PROVIDED RECORDS Start Marker
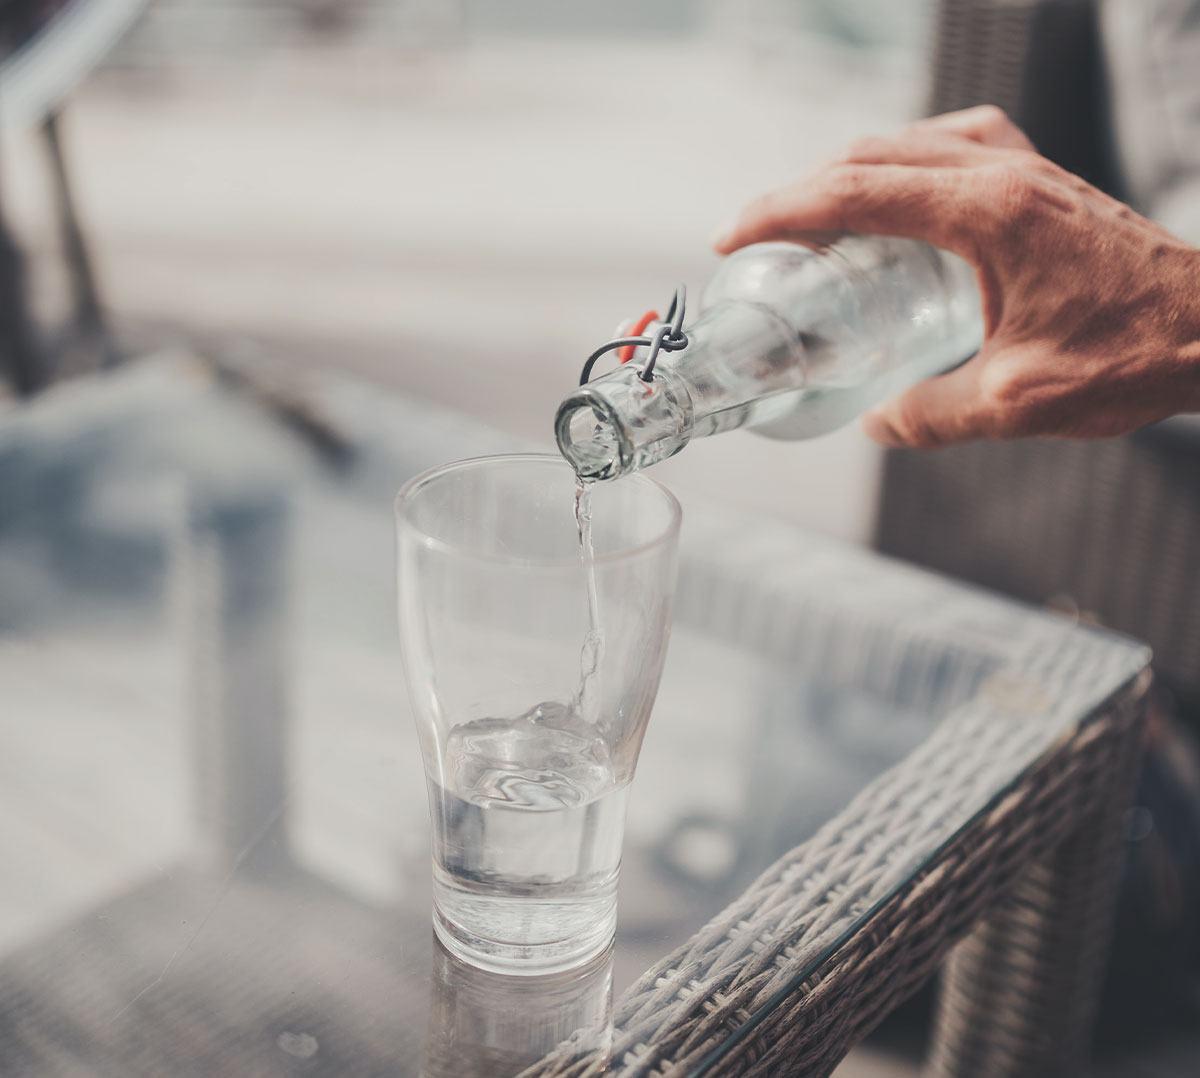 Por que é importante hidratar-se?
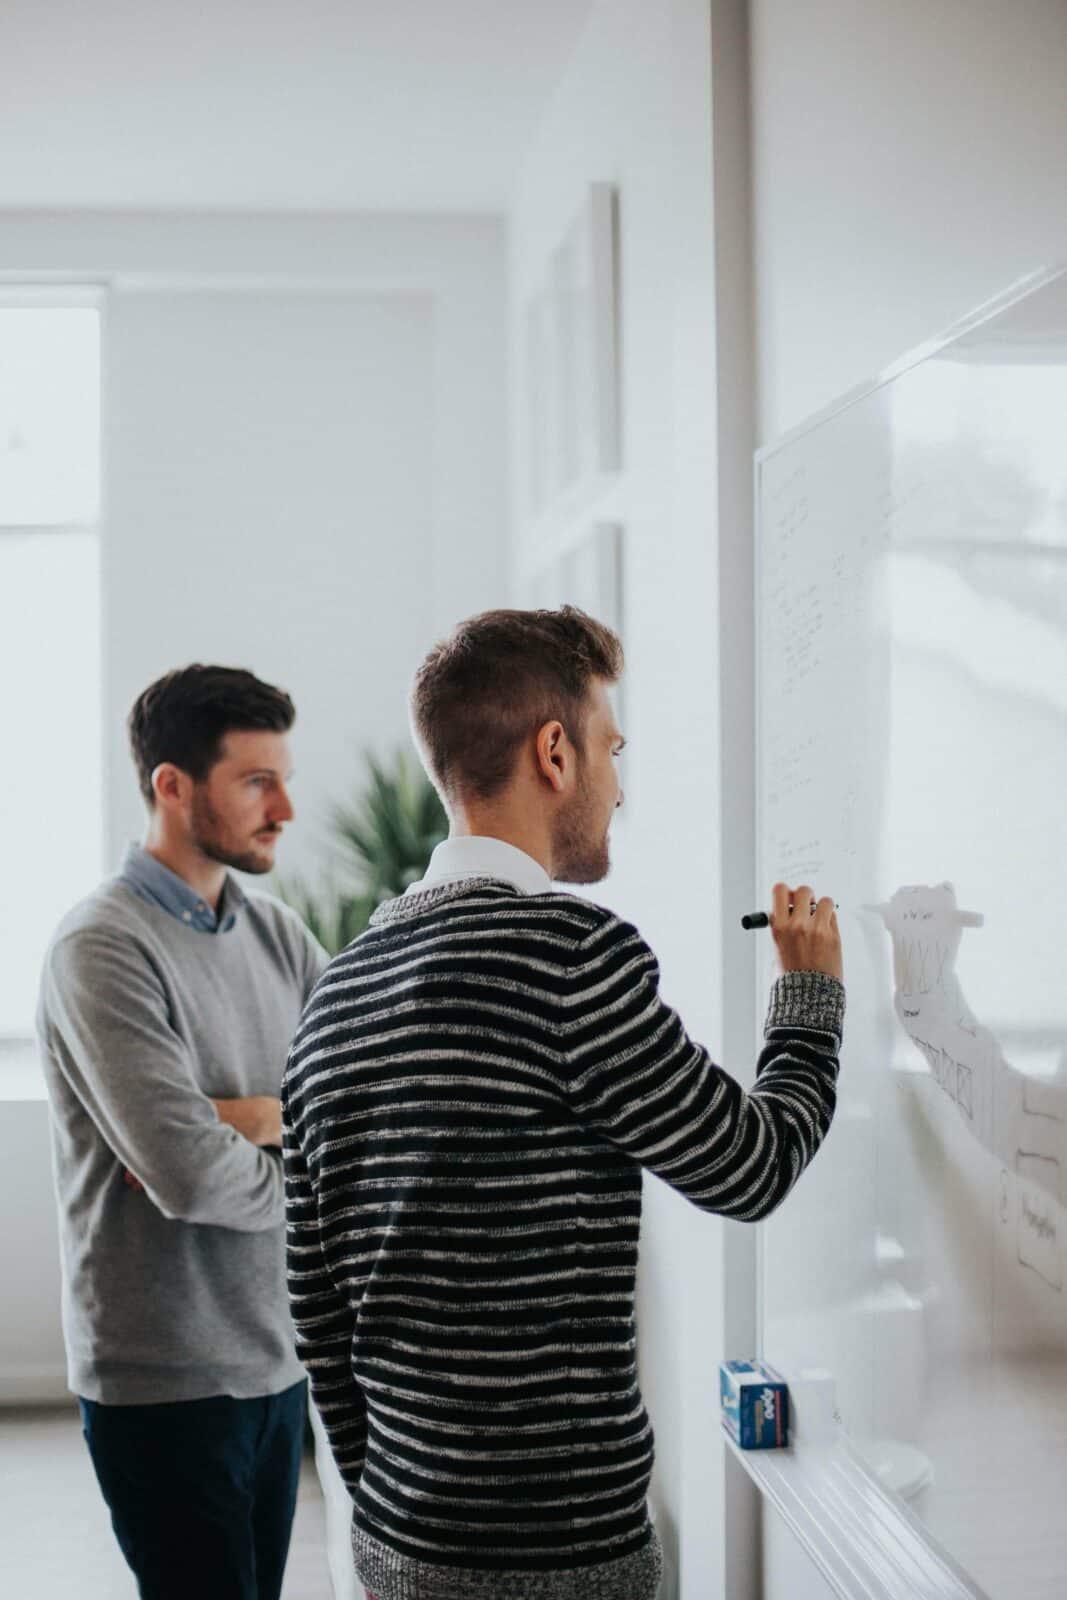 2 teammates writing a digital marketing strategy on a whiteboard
PROVIDED RECORDS End Marker
PROVIDED RECORDS Start Marker
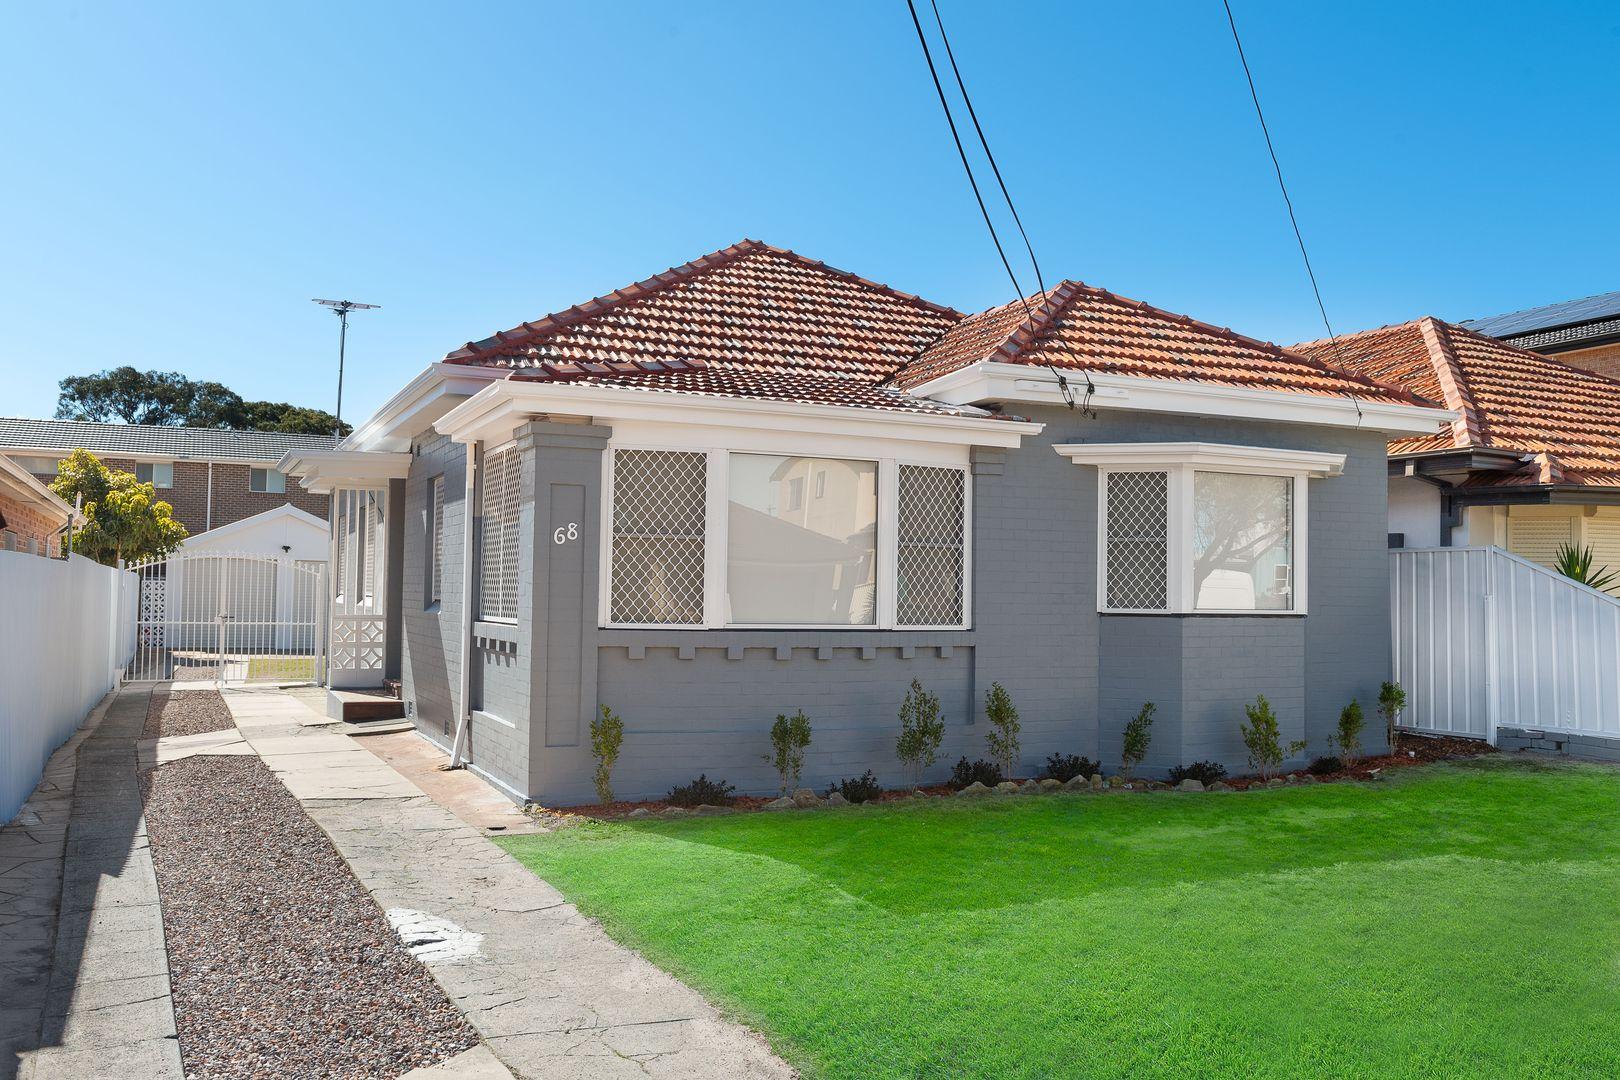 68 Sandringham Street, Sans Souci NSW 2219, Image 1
PROVIDED RECORDS End Marker
PROVIDED RECORDS Start Marker
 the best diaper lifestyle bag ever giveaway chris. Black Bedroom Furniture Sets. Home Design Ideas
PROVIDED RECORDS End Marker
▶ _WHAT YOU SHOULD DO_: Please transcribe exactly the part of the records that opens with the line containing "Por que é importante hidratar-se?" and closes with the line containing "2 teammates writing", both ends included, and leave out the pictures.

▶ _YOUR SOLUTION_:
 Por que é importante hidratar-se?
 2 teammates writing a digital marketing strategy on a whiteboard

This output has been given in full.